6.   RESERVATION AND AUTHORIZATION OF COMMON STOCK

          6.1 Reservation. The Company shall at all times reserve and keep
available for issuance upon the exercise of the Warrants such number of its
authorized but unissued shares of Common Stock as will be required for issuance
of the Warrant Stock. All shares of Warrant Stock issuable pursuant to the terms
hereof, when issued upon exercise of this Warrant with payment therefor in
accordance with the terms hereof, shall be duly and validly issued and fully
paid and nonassessable, not subject to preemptive rights and shall be free and
clear of all Liens. Before taking any action that would result in an adjustment
in the number of shares of Warrant Stock for which this Warrant is exercisable
or in the Exercise Price, the Company shall obtain all such authorizations or
exemptions thereof, or consents thereto, as may be necessary from any public
regulatory body or bodies having jurisdiction over such action. If any shares of
Warrant Stock required to be reserved for issuance upon exercise of Warrants
require registration or qualification with any Governmental Entity under any
federal or state law (other than under the Securities Act or any state
securities law) before such shares may be so issued, the Company will in good
faith and as expeditiously as possible and at its expense endeavor to cause such
shares to be duly registered.

          6.2 Corporate Action.
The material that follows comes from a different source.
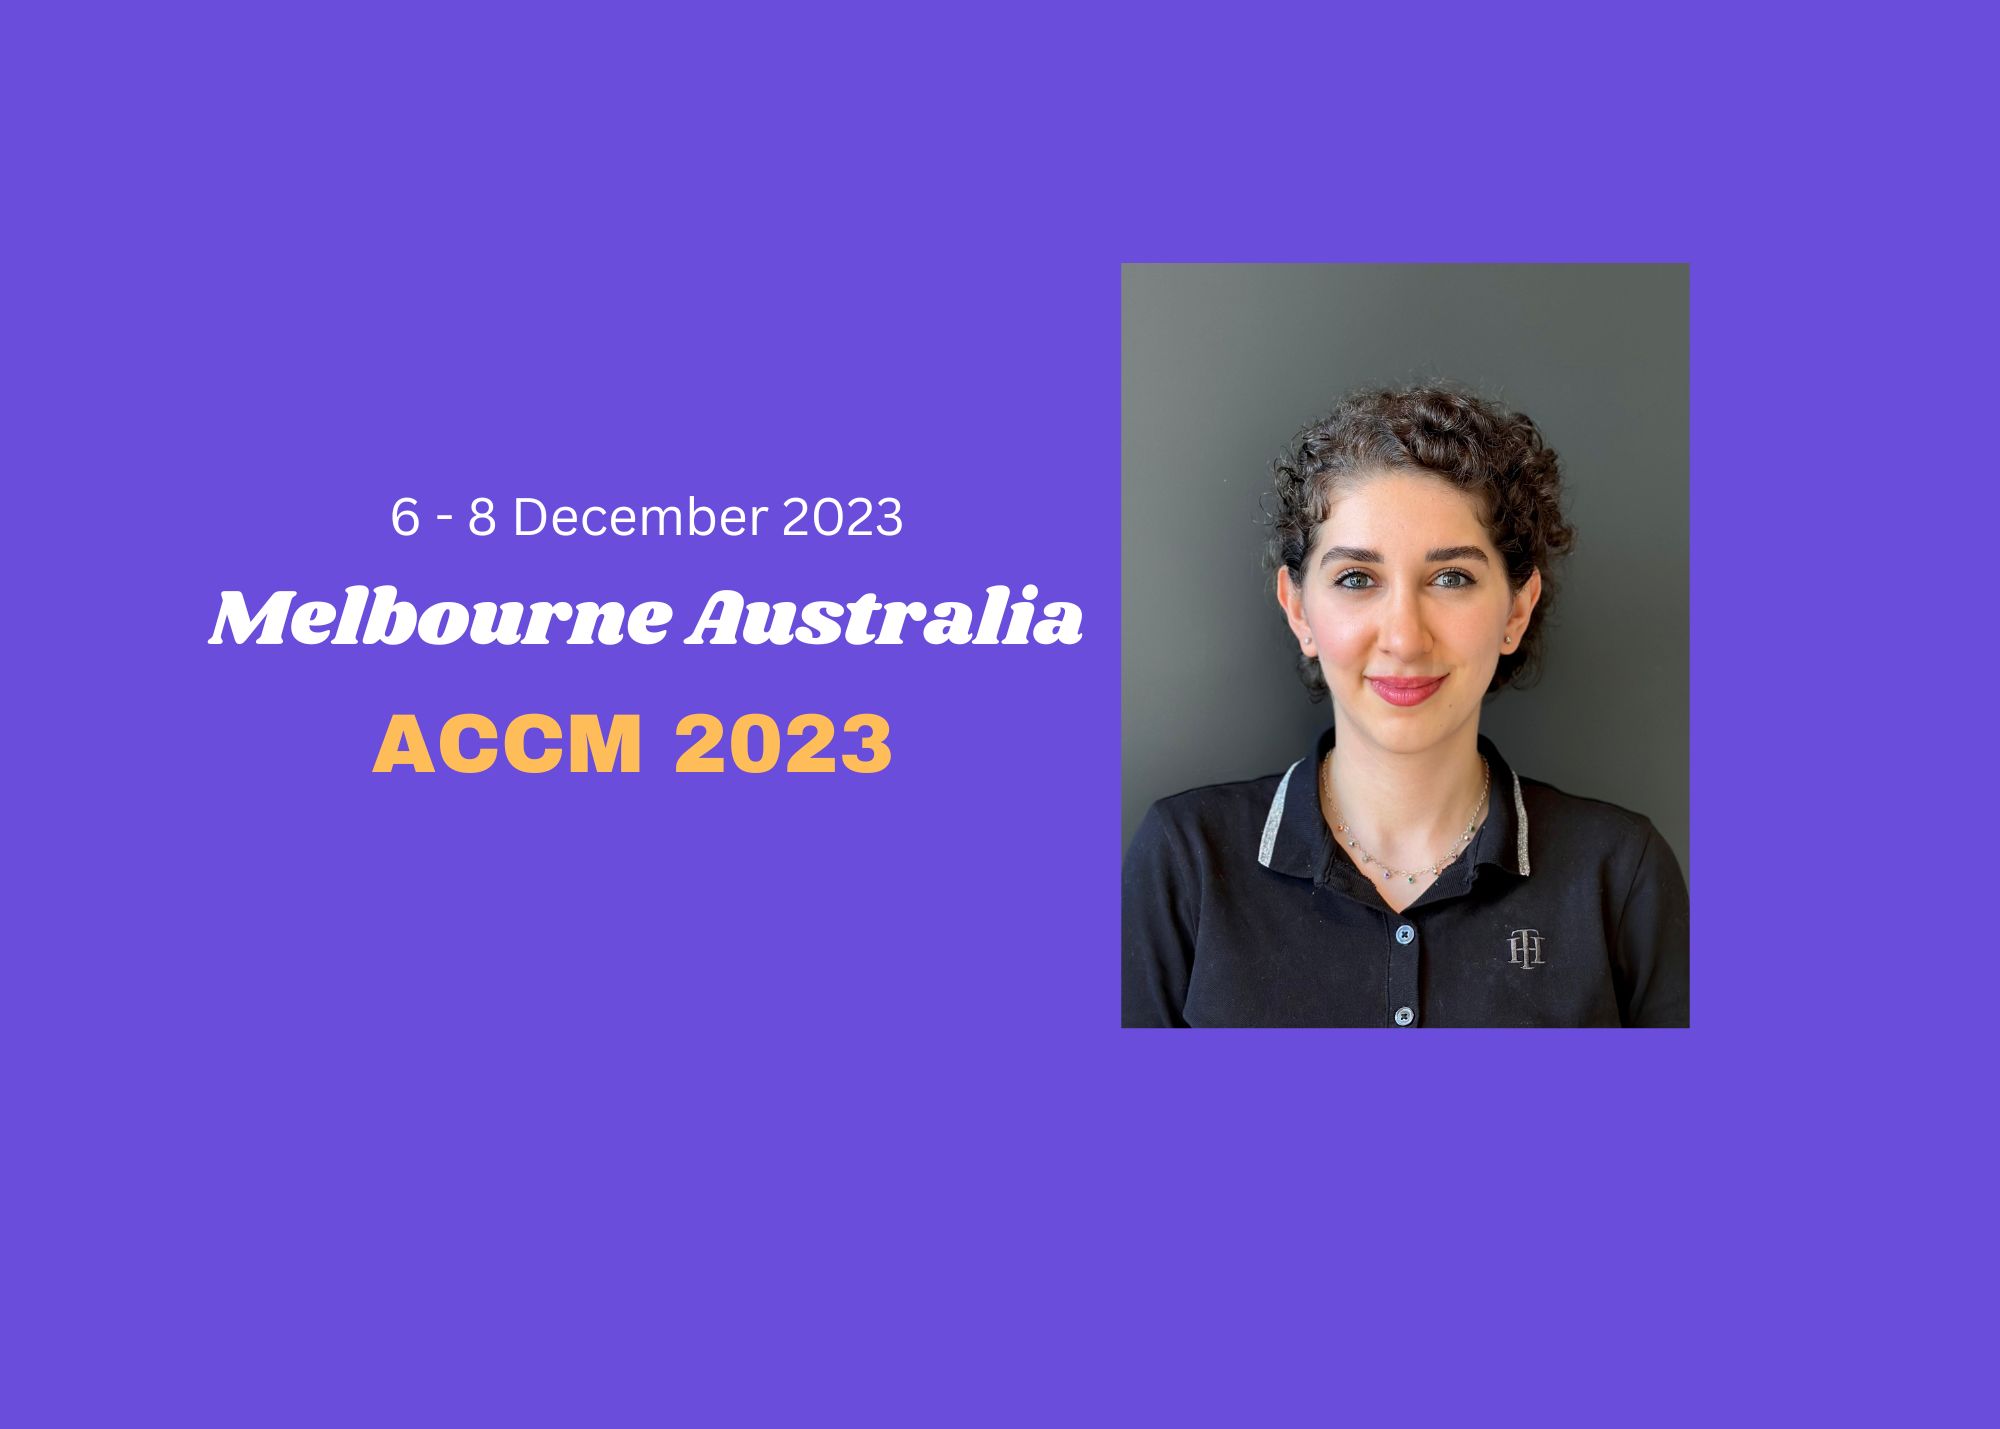 UNSW RIIS Student Sana Shahoveisi was awarded the Steven Prize ACCM 2023

Before taking any action that would cause an
adjustment reducing the Exercise Price below the then par value (if any) of the
shares of Warrant Stock deliverable upon exercise of the Warrant or that would
cause the number of shares of Warrant Stock issuable upon exercise of the
Warrant to exceed (when taken together with all other Outstanding shares of
Common Stock) the number of shares of Common Stock that the Company is
authorized to issue, the Company will take any corporate action that, in the
opinion of its counsel, is necessary in order that the Company may validly and
legally issue the full number of fully paid and nonassessable shares of Warrant
Stock issuable upon exercise of the Warrant at such adjusted exercise price.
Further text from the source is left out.